Variel rose from her shoes, the toes throbbing from a lack of blood, and looked him in the eye. Ever since he bumped into her outside the ship, his chest still naked and heaving in a way she'd have enjoyed if she wasn't busy fretting about things years old, she expected this discussion. He hadn't said a thing as the others returned with their own laundry, as Orn pulled the ship out of
orbit into the gateway passage, or even as he climbed through the duct work to her room. But elves were notoriously slow.
"At the laundry," Taliesin asked softly, "when Orn bet you the color of my stomach, why did you choose orange despite knowing the answer?"
Variel tried to not sigh as a planet lifted off her shoulders. She'd been preparing for a confrontation on the entire biography of Terrwyn Yates. This was like opening up a bomb casing and finding it stuffed with chocolate coins. "Because nothing will throw Orn off the scent more than me having to cough up candy. If I'd said just where your orange is, however..."
She let the thought hang as Taliesin's one orange cheek turned bright red. Variel didn't have time to check his other orange cheek. Maybe later when Wheezer was dealt with. "Give it a few minutes before taking the back exit," she said to her lover? Bed mate? Occasional distraction?
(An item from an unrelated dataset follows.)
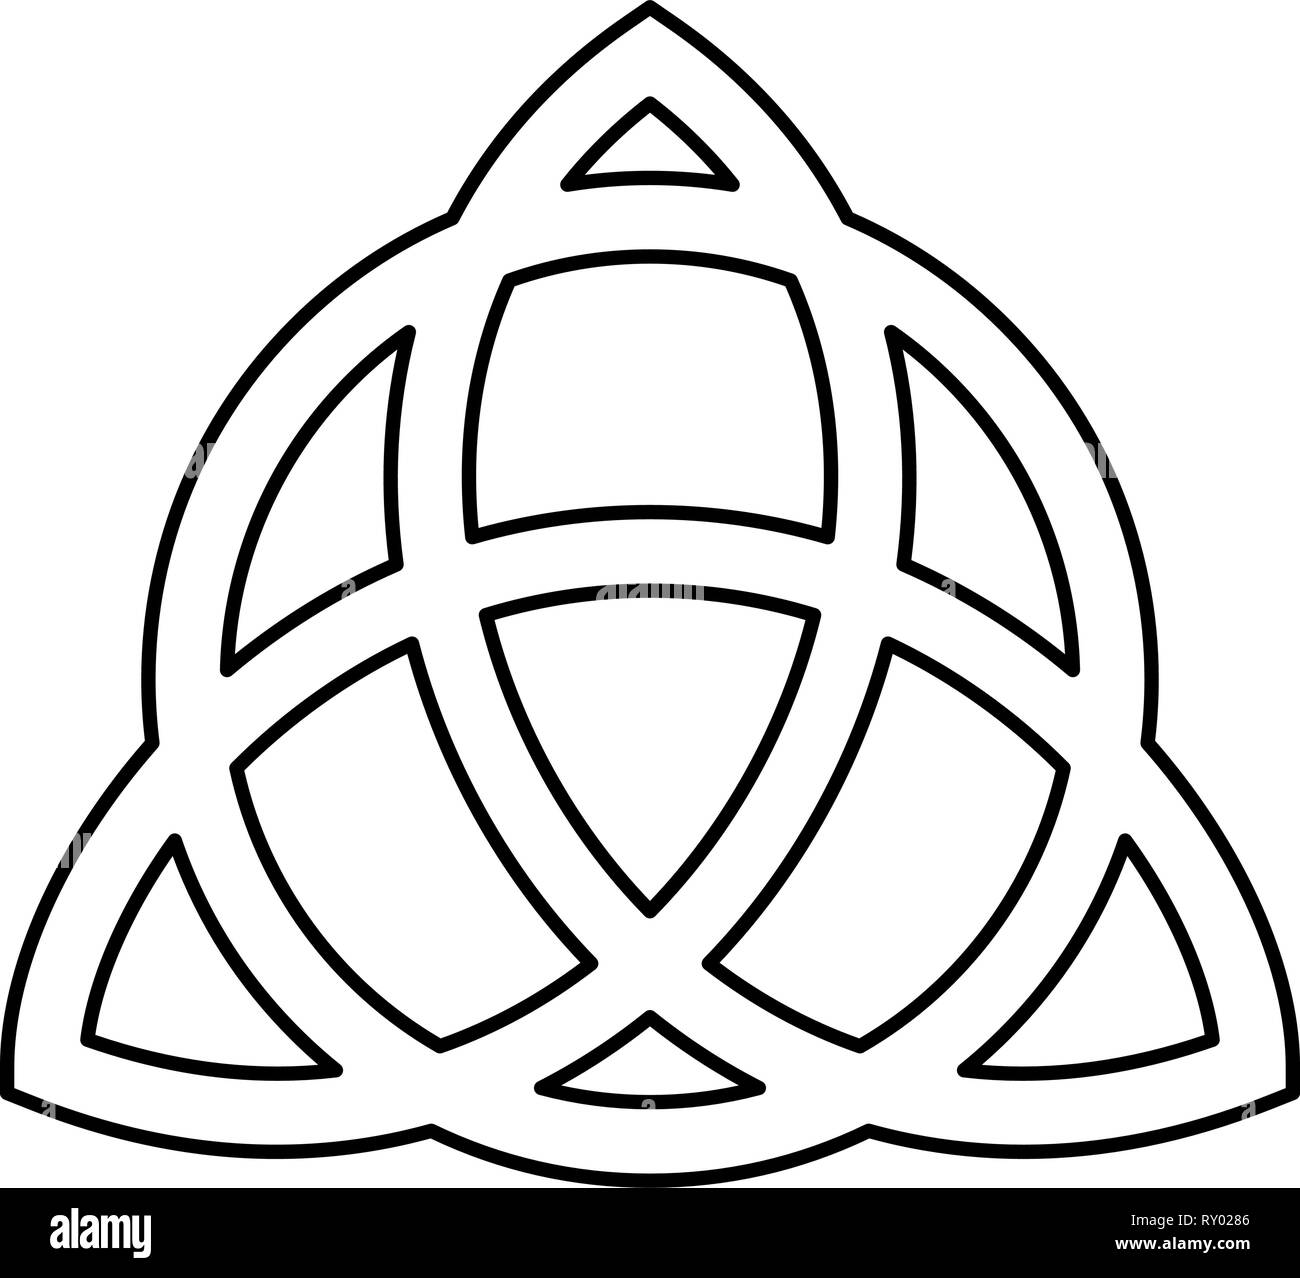 Trikvetr knot with circle Power of three viking symbol
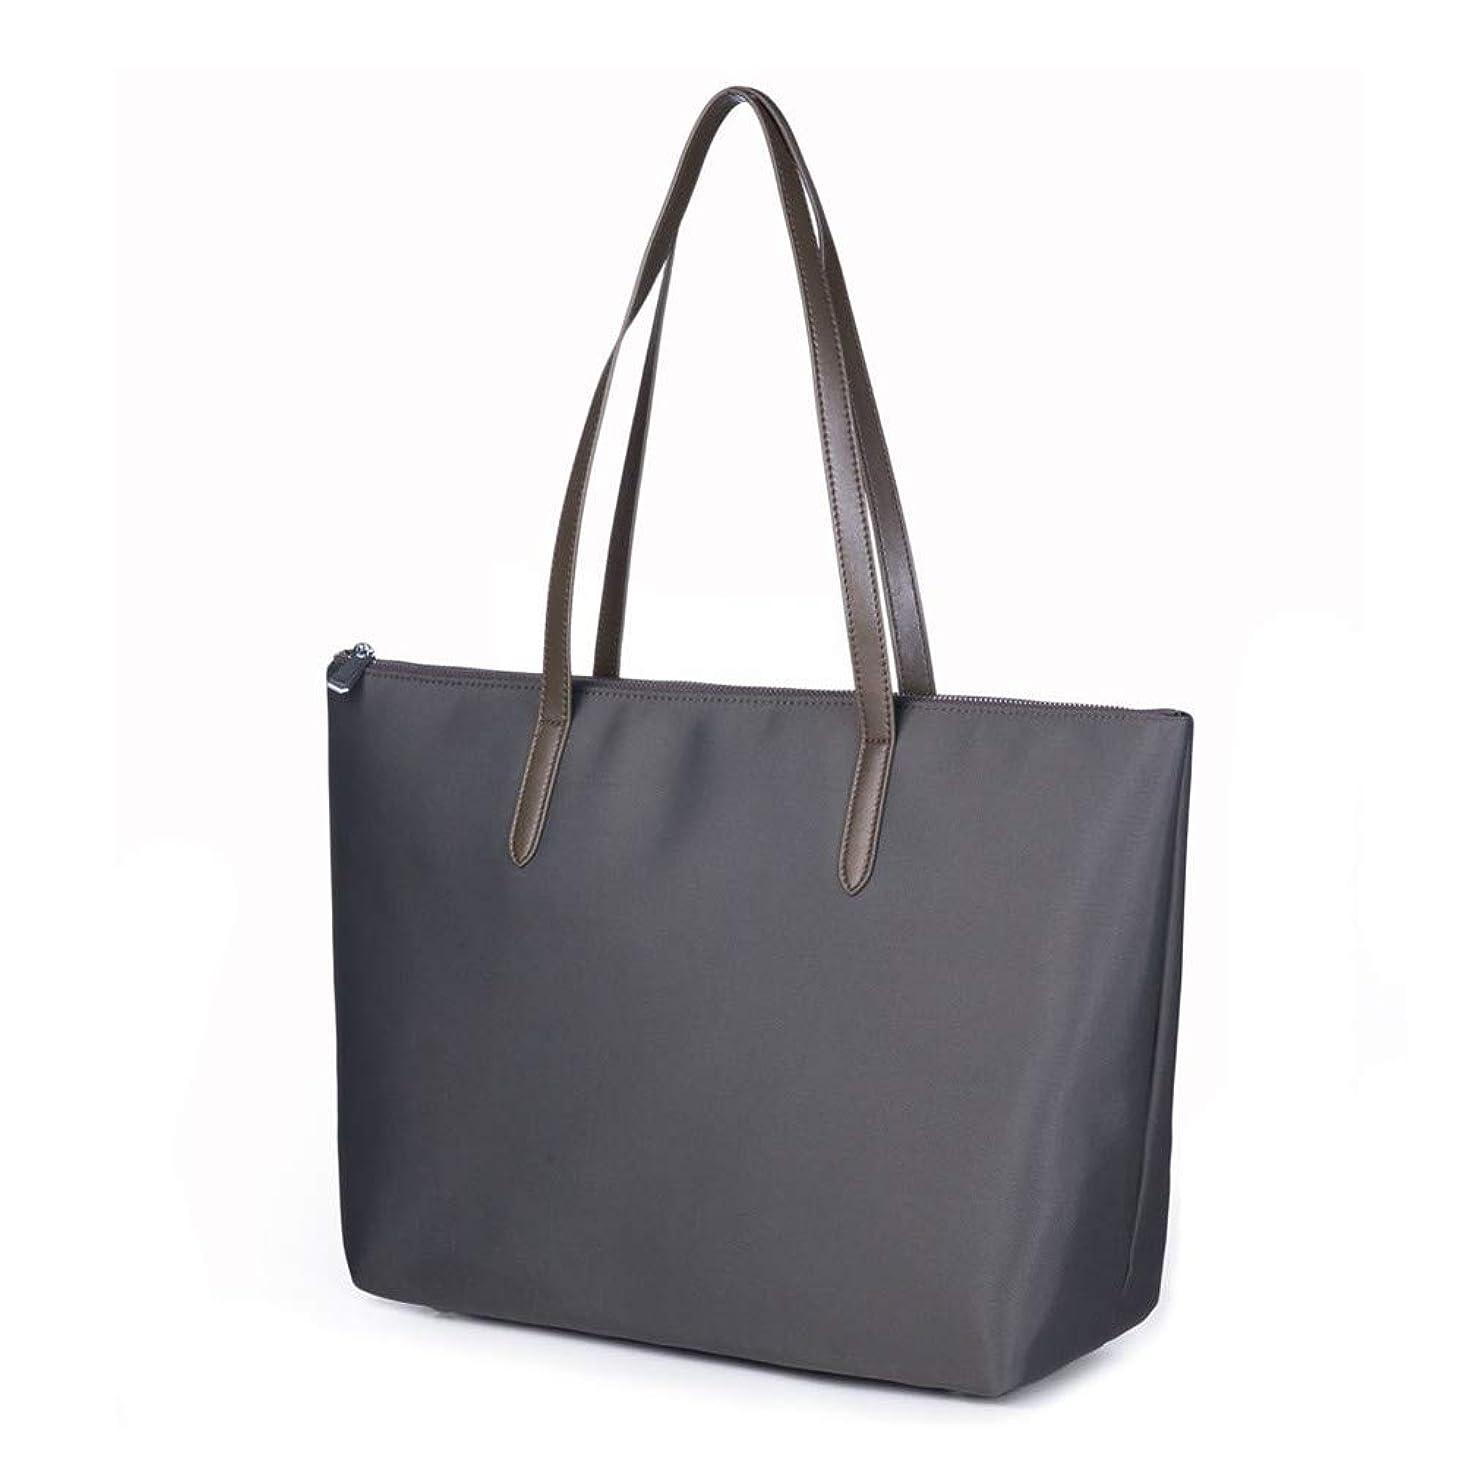 Lecxci Women's Satchel Large Capacity Waterproof Tote Bag Oxford Nylon Shoulder Handbags for Office Lady

Taliesin nodded, "I believe the others are cracking into breakfast."
"Elven hearing?" she asked.
He shook his head. A surprisingly charming smile curled those tiny lips, "I can smell burned yeast."
Variel laughed. Before she opened the door, she ordered her lights lowered. Her assassin vanished into the darkness, only the glow of the invading hall light landing upon his yellow eyes.
Orn greeted her with a wave of his stump, his hand charging upon the console. Occasionally, the fingers would twitch when too much juice passed across the illegal hookup he jerry rigged directly into the power supply. A few wrappers crinkled under the dancing mechanical phalanges but Variel didn't say anything. It was easier to let her pilot wallow in his squalor than charge into a passive aggressive battle she could never win.